History of Irish lace

Pegeen O’Sullivan reviews Lace and the Emerald Isle by Alan Brown. Sawbridge, Herts, £5 (ISBN 095 20668)

IF YOU look at any facet of life thoroughly you will learn some history. This excellent though modest book, born of a love of the craft of lace, is an illustration of this.

Alan Brown, an author fully in sympathy with Ireland’s lace-makers, explains that Ireland had no lace making tradition before the ‘famine’ (an ghorta mhór) because her economy was held below the Plimsoll line for luxury gods.

The famine saw the birth of the lace industry because certain philanthropic persons saw it as a way of enabling Irish girls to earn sums which, if pitiful in themselves, could at least postpone death by starvation.

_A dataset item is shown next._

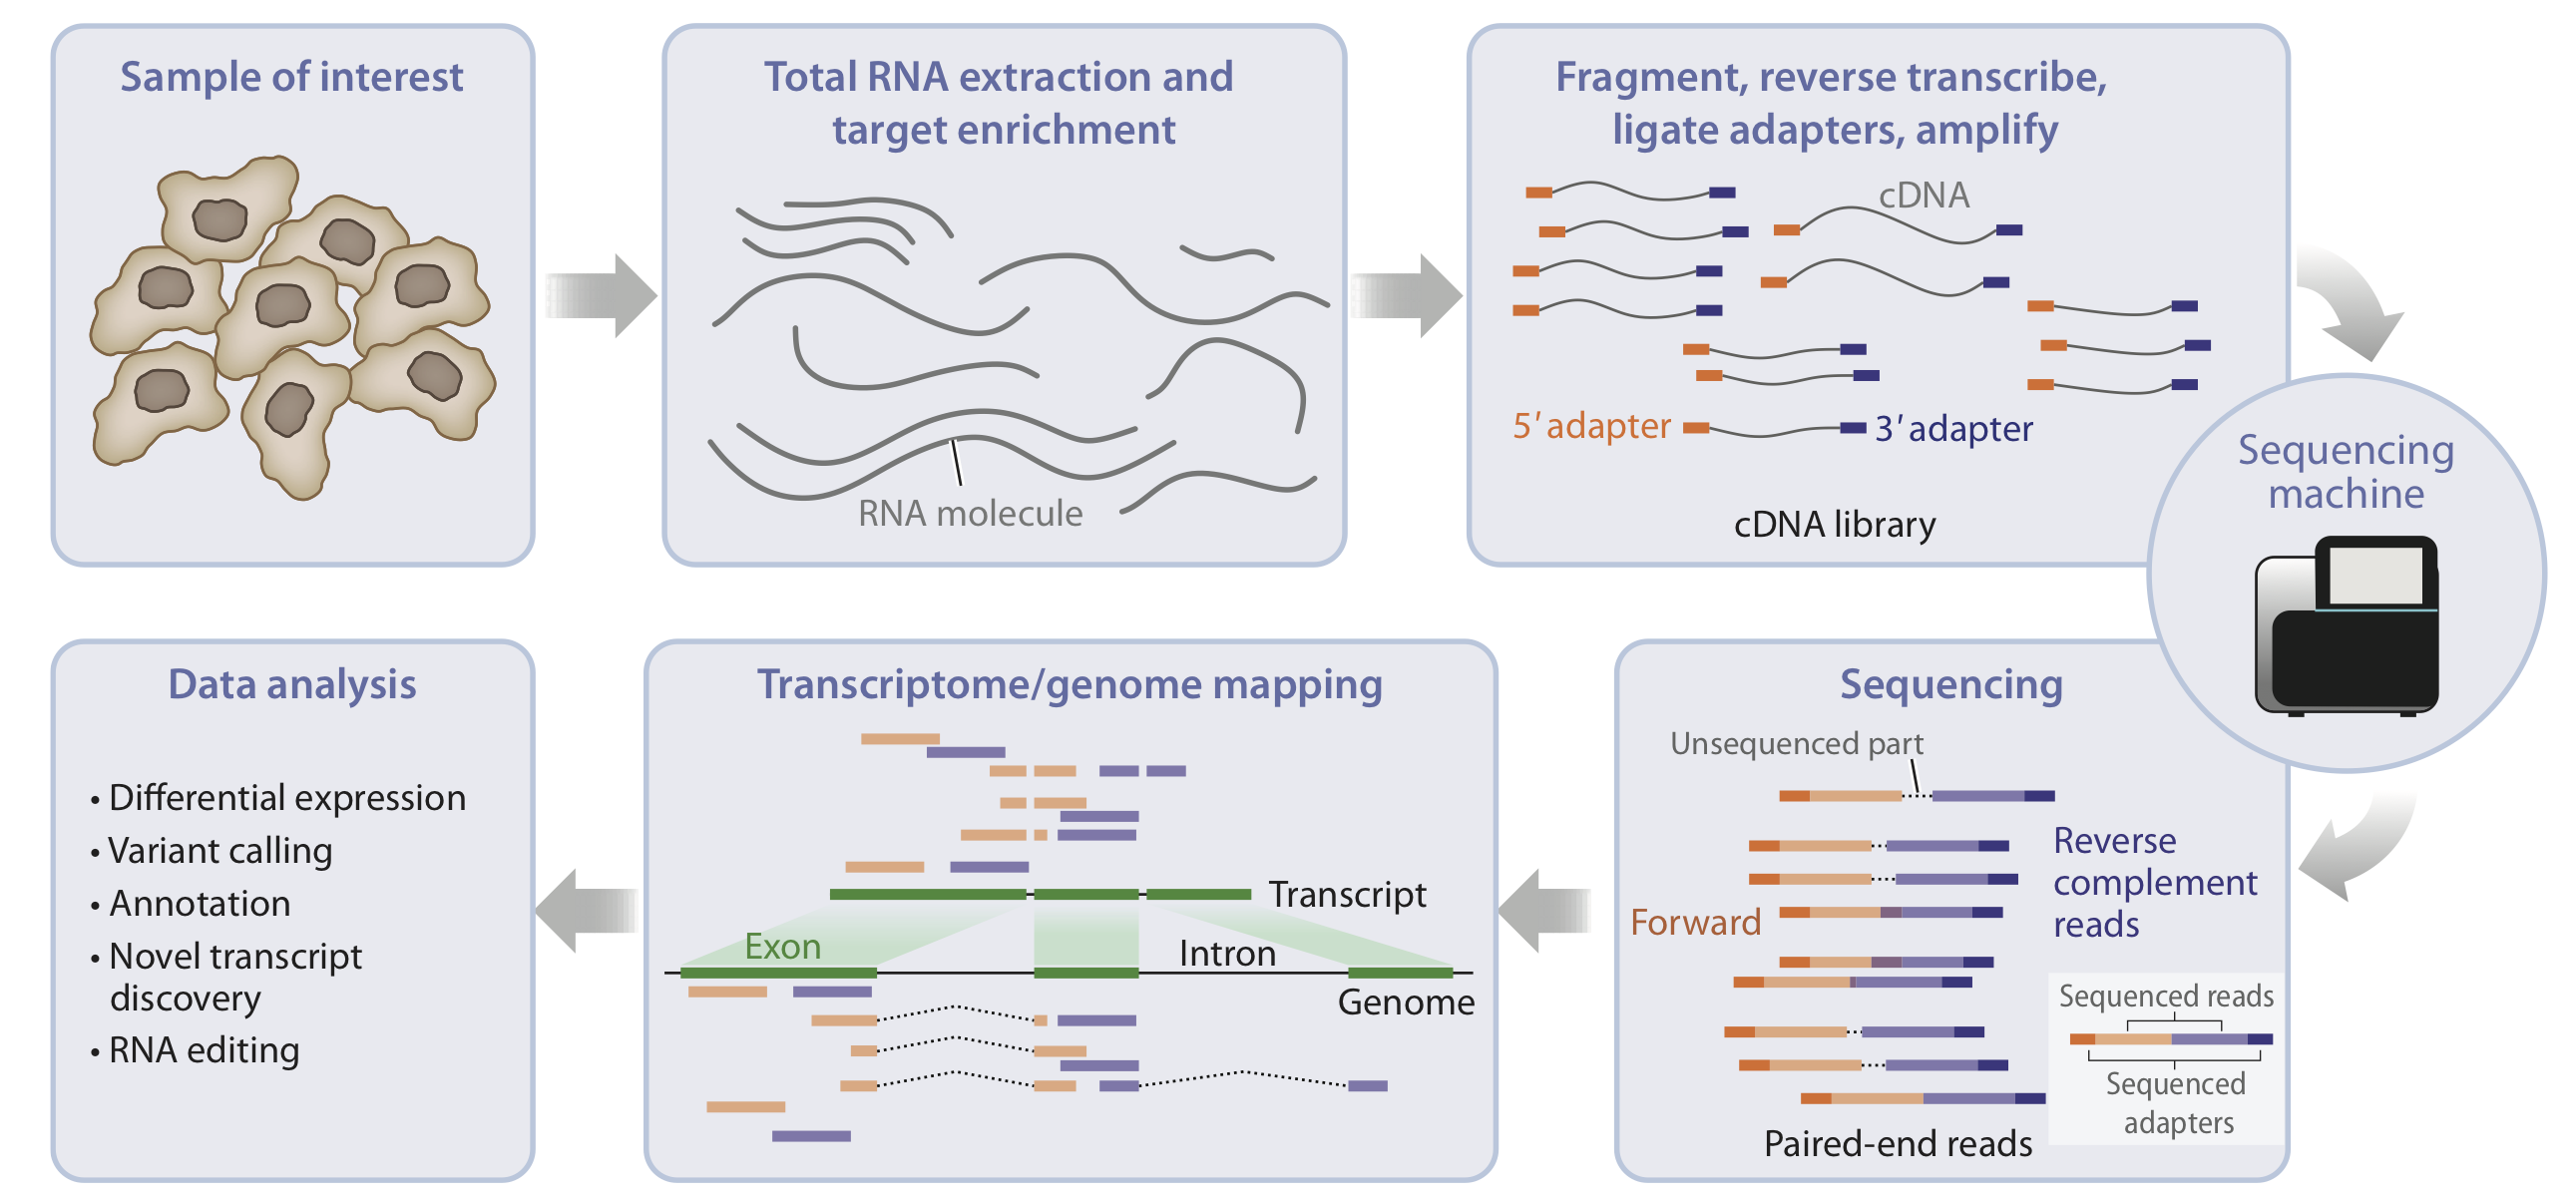 Figure: The sequencing workflow. Image adapted from Van den Berge et al. (2019).

Training centres were set up by charitable persons, Church of Ireland clergy wives or aristocratic women and later by Industrial Training Schools and finally by Catholic convents.

It was soon found that institutions could make a very welcome addition to their funds by selling their pupils’ and students’ work.

In our own day in India parents crippled by debt and despair are sometimes reduced to selling their eight-year-old daughters to carpets weavers -- poverty produces misery everywhere.

Once again Alan Brown shows an historic perspective by pointing out that the reason why Ireland’s place in the European lace world fell into decline by the end of the nineteenth century was that Ireland was not industrialised and therefore could not compete with the cheaper machine-made product.

Having no tradition of lace, Irish lacemakers started with no developed designs though they were always praised for the quality of their work. It is good to know that they became very inventive with new techniques such as working on netting.